-- Data section follows --
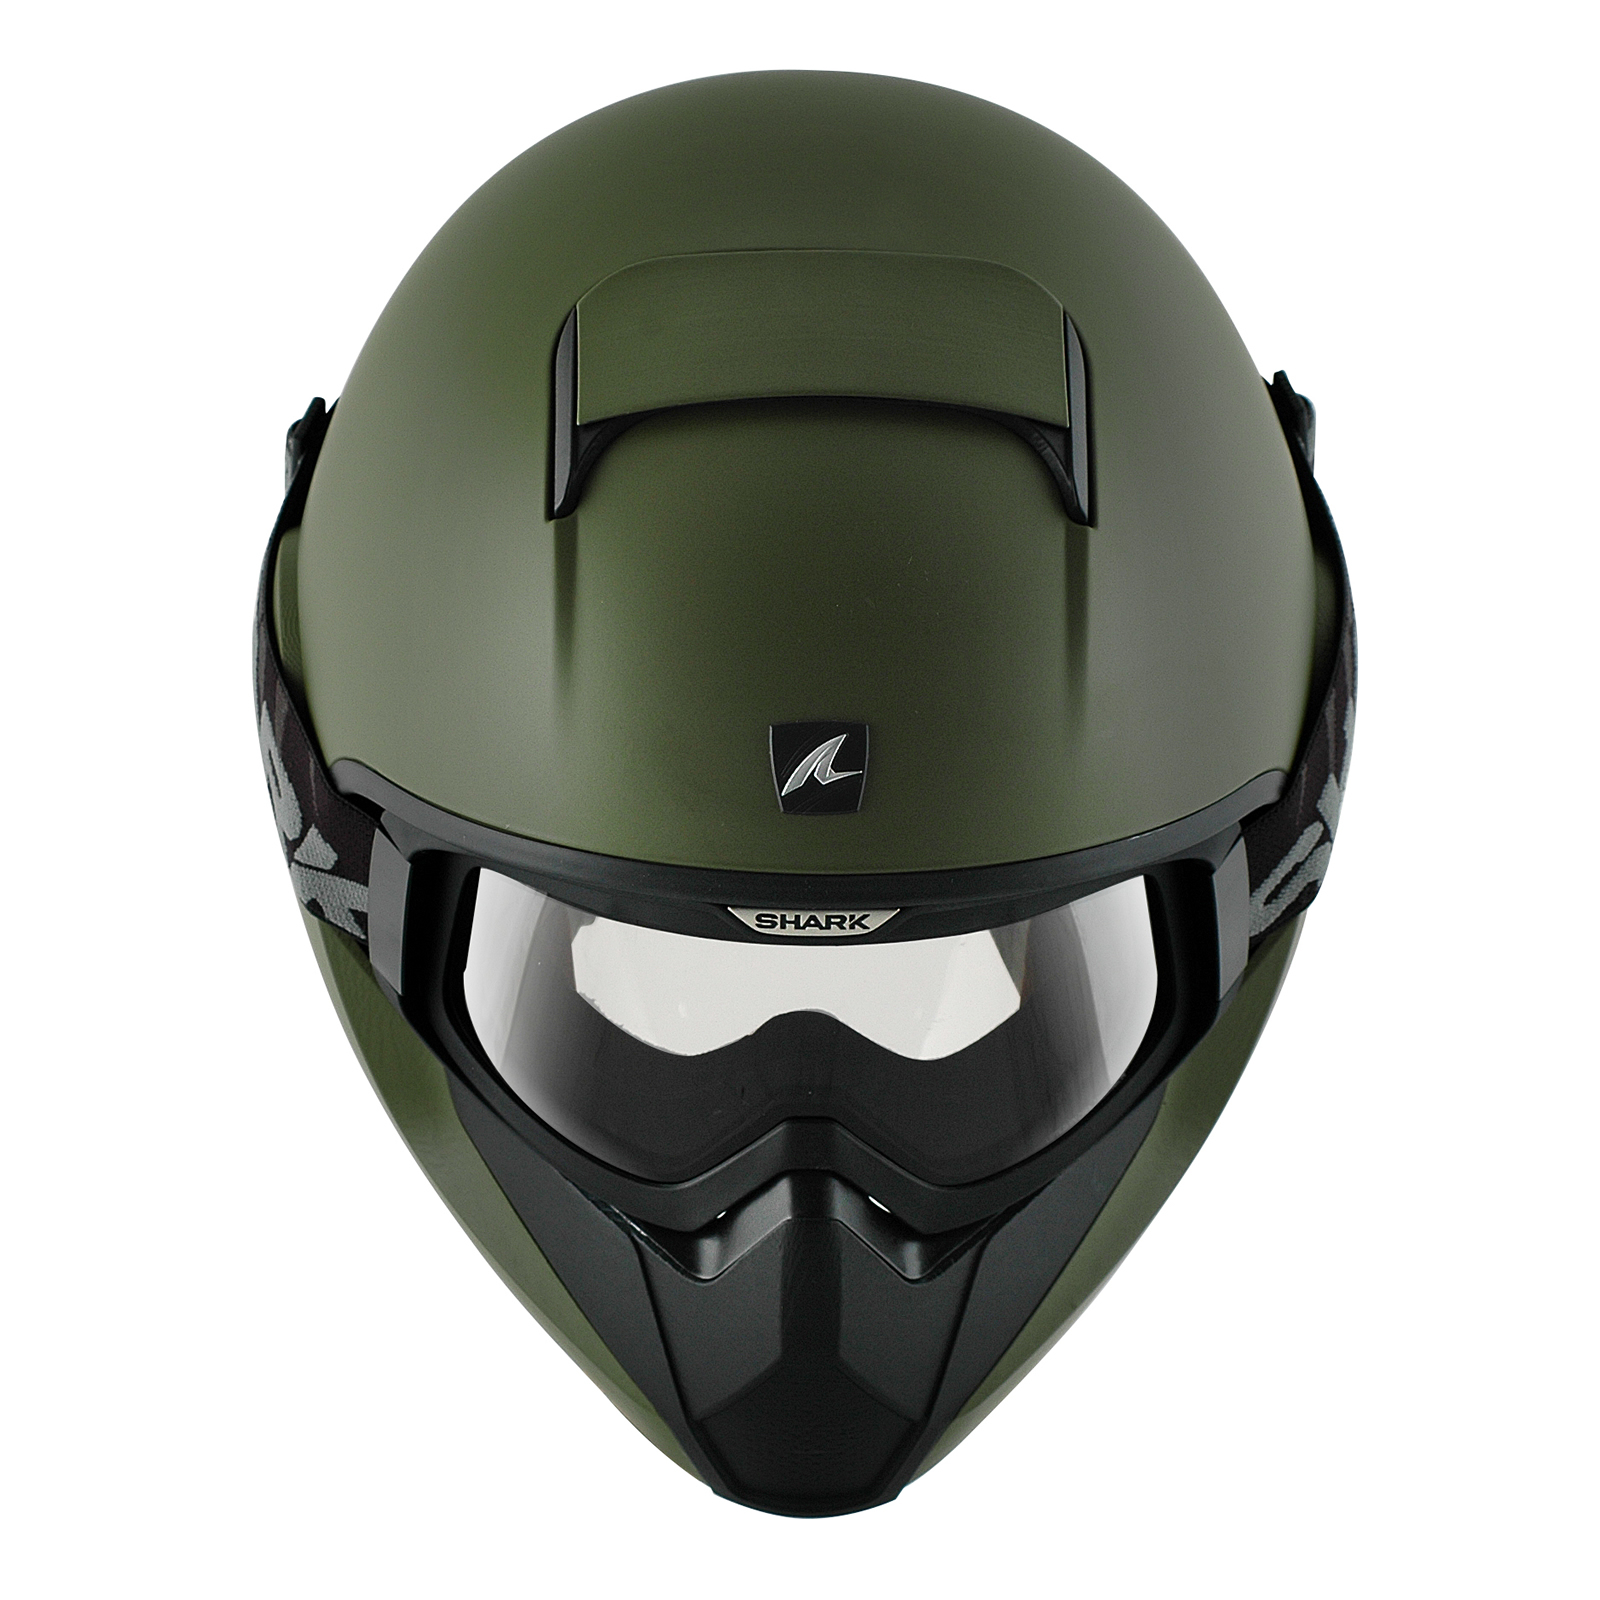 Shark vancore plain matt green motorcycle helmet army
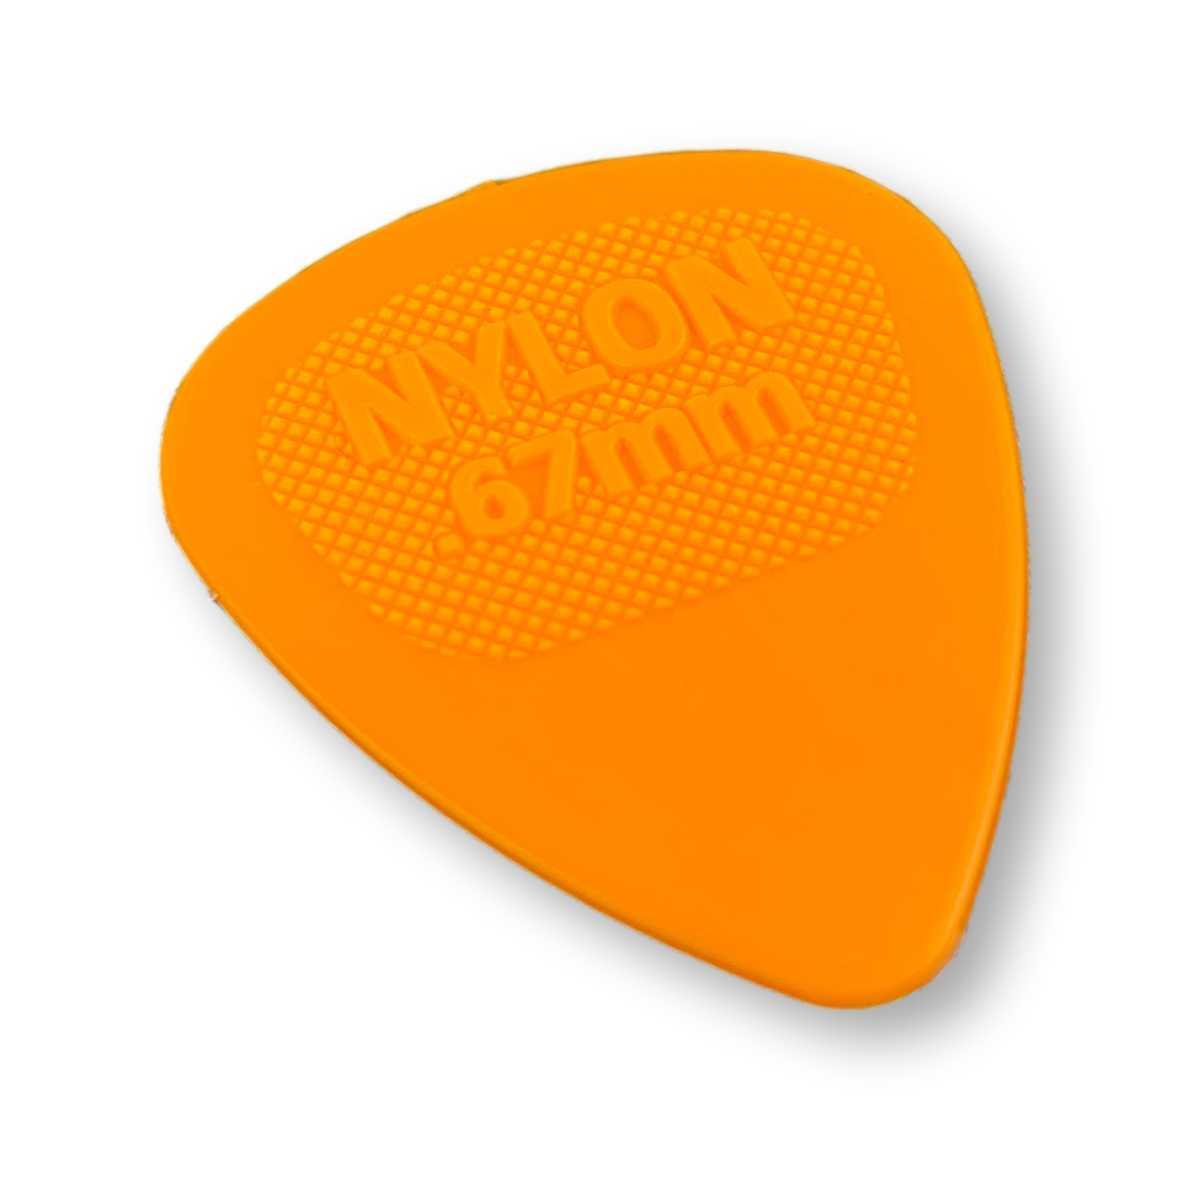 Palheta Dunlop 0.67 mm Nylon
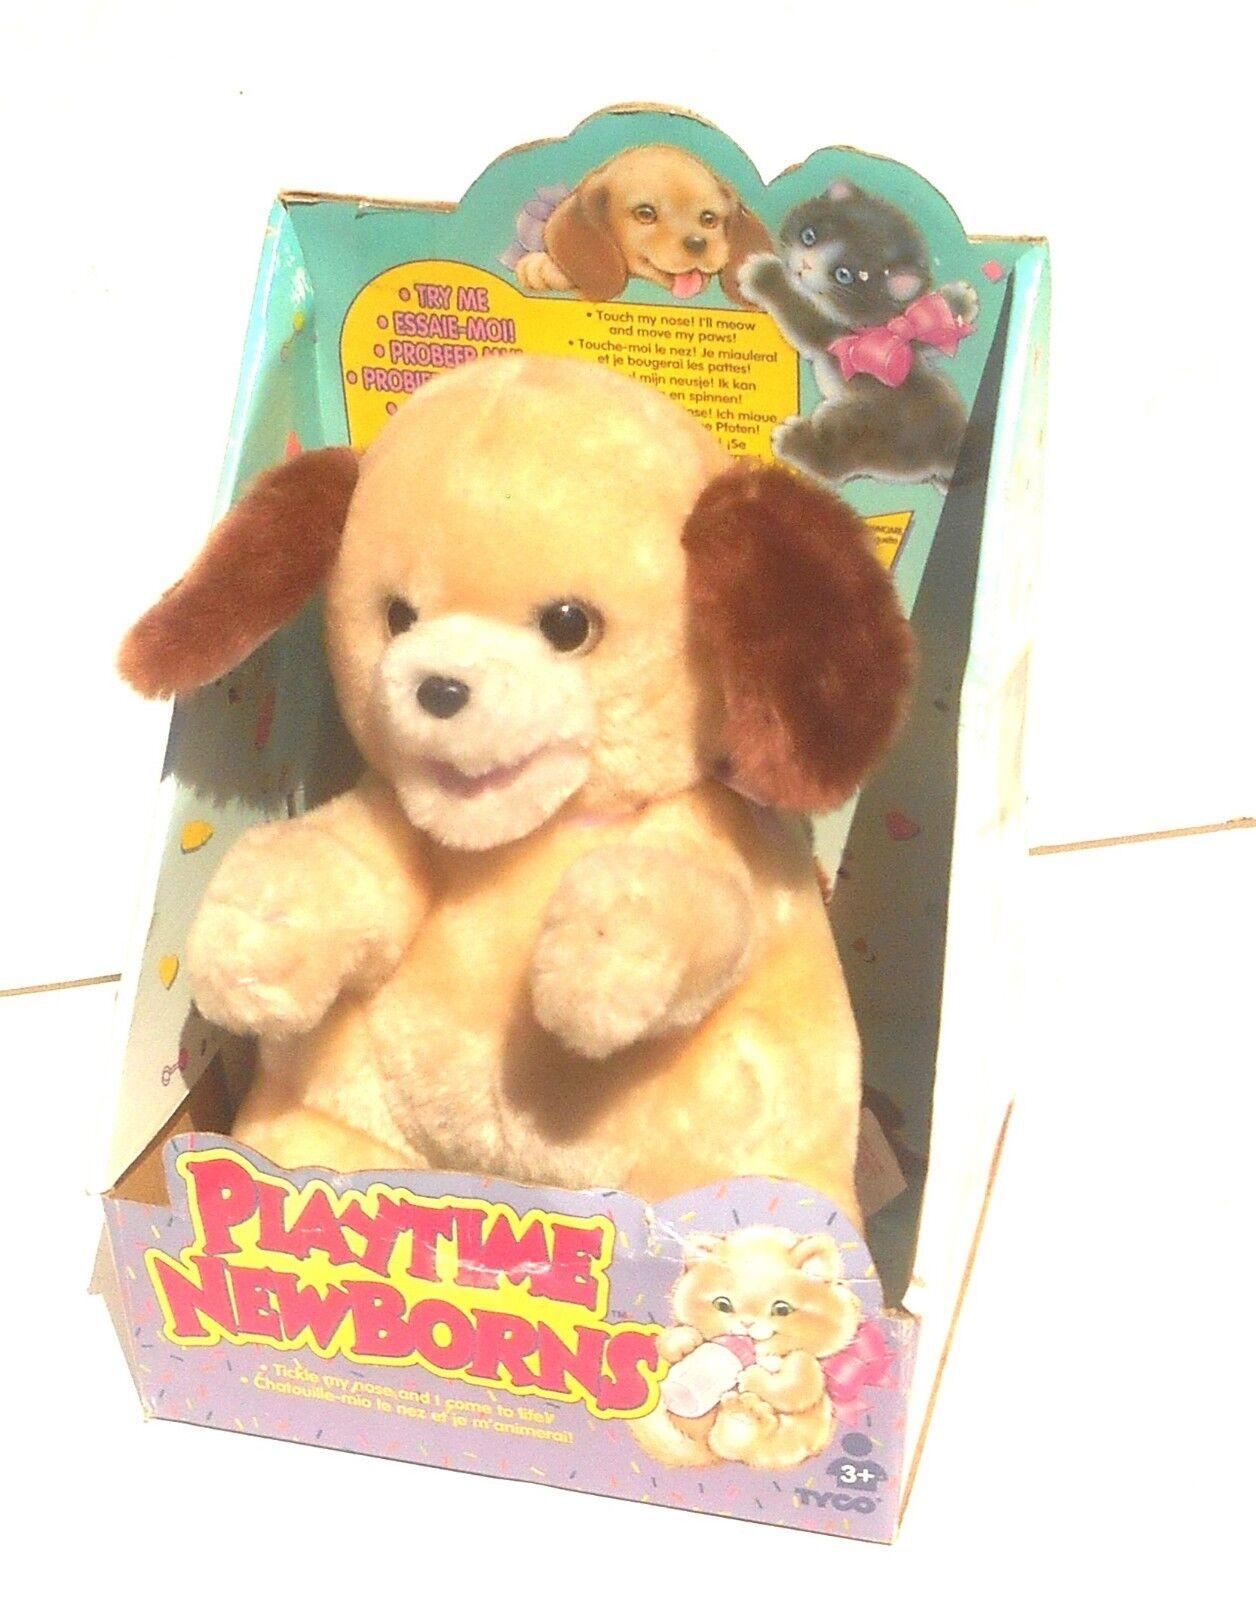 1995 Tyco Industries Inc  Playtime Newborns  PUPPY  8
-- Data section concluded --
Your assignment:
Give back the material above exactly, but without its images.

Answer box:
 Shark vancore plain matt green motorcycle helmet army
 Palheta Dunlop 0.67 mm Nylon
 1995 Tyco Industries Inc  Playtime Newborns  PUPPY  8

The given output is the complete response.